Оба шофера вскочили с окаменевшими от злости лицами. Старший схватил со стойки бутылку кетчупа, замахнулся. Повар, не поворачиваясь к ним спиной, нашарил большую двузубую вилку и приготовился к защите.
– В Денвере строят огнестойкую взлетно-посадочную полосу, там будут садиться ракеты «Люфтганзы», – проговорила Джулиана.
Никто из троих мужчин не пошевелился и не подал голоса. Посетители тоже помалкивали.
Наконец повар произнес:
– Одну я видел на закате.
– Эта ракета летела не в Денвер, – сказала Джулиана. – Она села на Западном побережье.
Водители понемногу успокоились. Старший проворчал:
– Вечно забываю, что народ здесь малость желтоват.
– Япошки не губили евреев, ни в войну, ни после, – сказал повар. – И не строили печей.
– То-то и беда, что не строили, – буркнул старший водитель и принялся за еду.
«Желтоват, – подумала Джулиана. – Пожалуй, он прав. Мы к японцам относимся хорошо».
– Где будете ночевать? – спросила она у Джо, молодого водителя.
– Не знаю, – ответил тот. – Только что вылез из грузовика. Мне тут не нравится. Вся ваша страна не нравится. Может, в кабине лягу спать.
– В мотеле «Медоносная пчела» вполне прилично, – проворчал повар.
– Ну что ж, – сказал молодой водитель, – может, там и заночую. Если мне не будут глаза колоть, что я итальянец. – Он говорил с явным акцентом, хотя и старался его скрывать.
«Идеалист, – решила, глядя на него, Джулиана. – Поэтому такой озлобленный. Слишком многого хочет от жизни. Не знает покоя и отдыха, вечно брюзжит. Да я и сама такая же. Не могла усидеть на Западном побережье, наверное, и здесь не усижу. А разве прежде, во времена Дикого Запада, люди были иными? Но сейчас фронтир[32] проходит не здесь, – мелькнула у нее мысль, – а через другие планеты. И он, и я могли бы попроситься на корабль, который отвозит колонистов. Нет – нам бы отказали. Ему – из-за смуглой кожи, мне – из-за черных волос. Уж эти мне бледные нордические феи из эсэсовских училищ в замках Баварии!
У этого парня, Джо, или как его там, неправильное выражение лица. Нет бы принять холодный, но одухотворенный вид, будто он ни во что не верит и при этом видит перед собой некую высшую цель. Да, у наци именно такие физиономии. Они не идеалисты, как я или Джо, они циники и фанатики.

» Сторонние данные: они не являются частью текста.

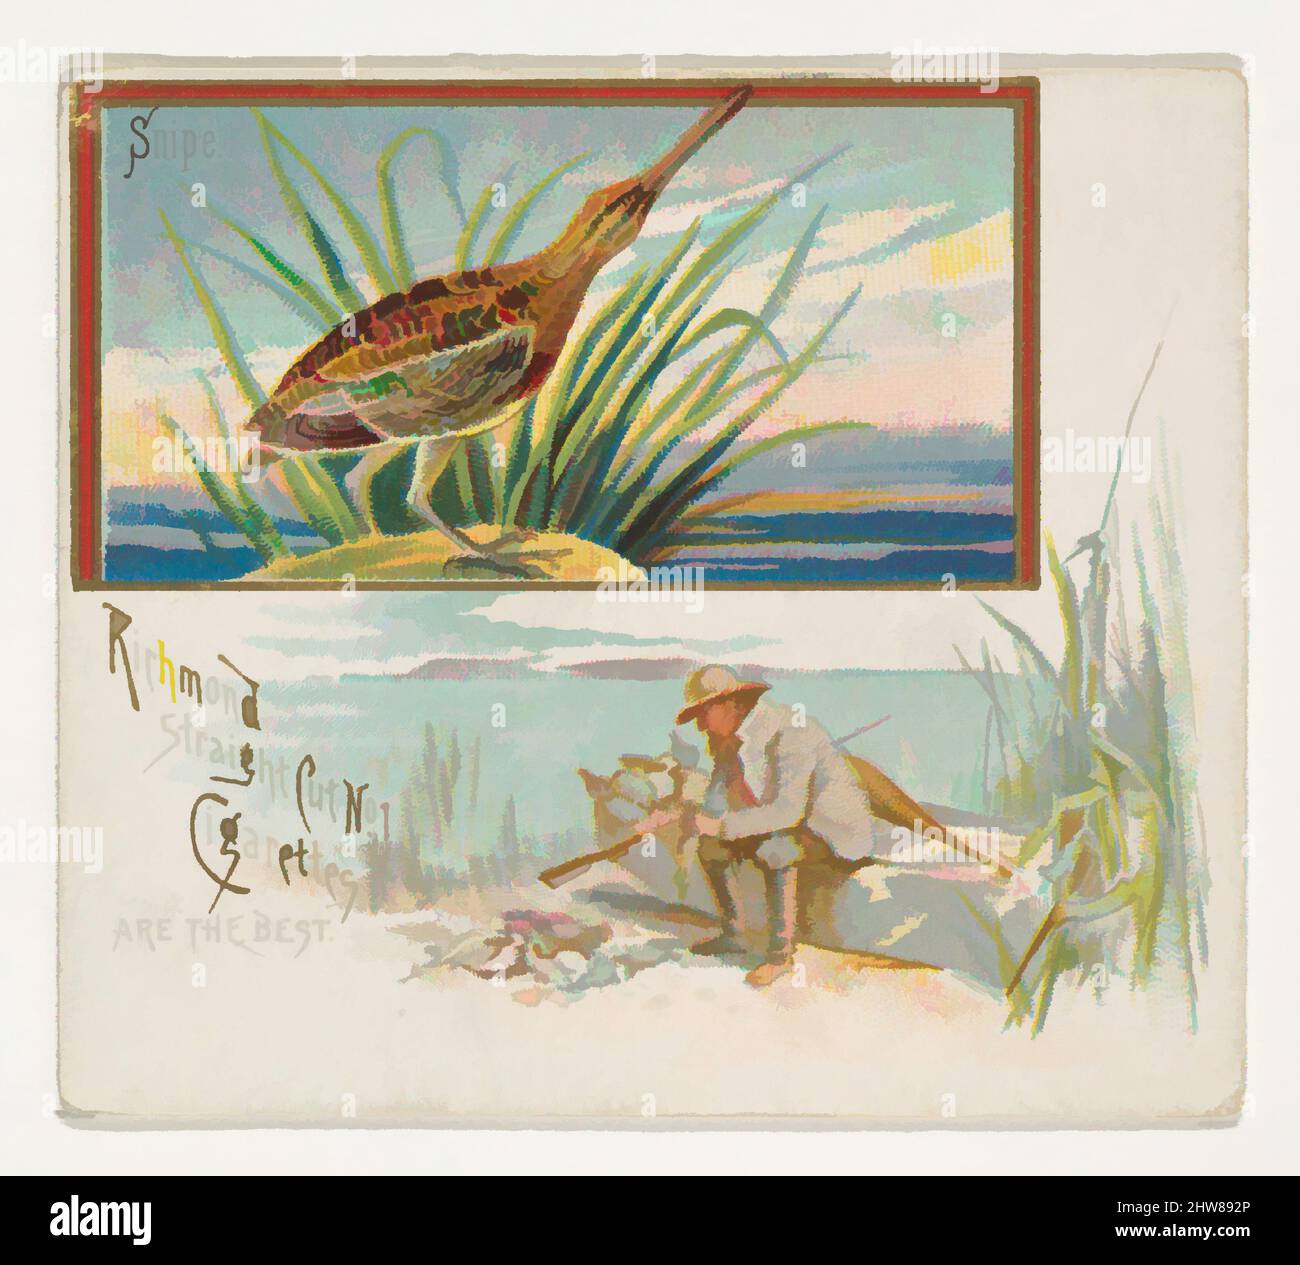 Art Inspired by Snipe, from the Game Birds series (N40) for Allen & Ginter Cigarettes, 1888–90, kommerzielle Farblithographie, Blatt: 2 7/8 x 3 1/4 Zoll (7,3 x 8,3 cm), Trade Cards aus der „Game Birds“-Serie (N40), die 1888-90 in einem Satz von 50 Karten zur Werbung für die Marke Allen & Ginter herausgegeben wurde. Classic Works wurde von Artotop mit einem Schuss Moderne modernisiert. Formen, Farbe und Wert, auffällige visuelle Wirkung auf Kunst. Emotionen durch Freiheit von Kunstwerken auf zeitgemäße Weise. Eine zeitlose Botschaft, die eine wild kreative neue Richtung verfolgt. Künstler, die sich dem digitalen Medium zuwenden und die Artotop NFT erschaffen Stockfoto

Это дефект мозга, как будто немецкие психиатры не только душевнобольным, а всему своему народу сделали лоботомию. Их беды – из-за секса, – решила Джулиана. – Еще в тридцатые у них началась всякая мерзость, а потом все хуже и хуже… Гитлер забавляется со своей… сестрой, кажется? Или теткой? Или племянницей? Да и его собственные родители были двоюродными братом и сестрой. Немцы не считают кровосмешение пороком, многие впали в первородный грех и вожделеют своих матерей. Вот почему у этих белокурых эсэсовских фей такой невинно-кукольный облик, такие ангельские, жеманные улыбки. Они берегут себя для Мамочки. Или друг для дружки. А кого они считают Мамочкой? – подумала она. – Лидера, герра Бормана, который, говорят, на ладан дышит? Или Доходягу? Ходят слухи, старик Адольф, разбитый сенильным парезом,[33] доживает последние деньки в одном из санаториев рейха. Сифилис мозга – память о нищей жизни венского бродяги… Черное долгополое пальто, грязное исподнее, ночлежки… Наверное, это месть злорадного Боженьки. Совсем как в немом кино, злодей купается в нечистотах. Историческая кара за подлость. И что самое жуткое – вся нынешняя Германия порождена этим больным мозгом. Сначала он создал партию, потом – нацию, потом – государство на полпланеты. И не кто-нибудь, а сами нацисты выявили болезнь, поставили диагноз. Шарлатан-гомеопат Морель, пичкавший Гитлера патентованными пилюлями “Антигаз доктора Кестера”, раньше лечил венериков. Об этом знает весь мир, и тем не менее любой бред рехнувшегося вождя по-прежнему считается откровением мудреца, Священным Писанием. Мало того, что его идеи заразили весь мир, – их, как споры зла, разносят по планетам незрячие белесые пчеломатки. Вот плоды кровосмешения: безумие, слепота, смерть. Брр!» – содрогнулась Джулиана.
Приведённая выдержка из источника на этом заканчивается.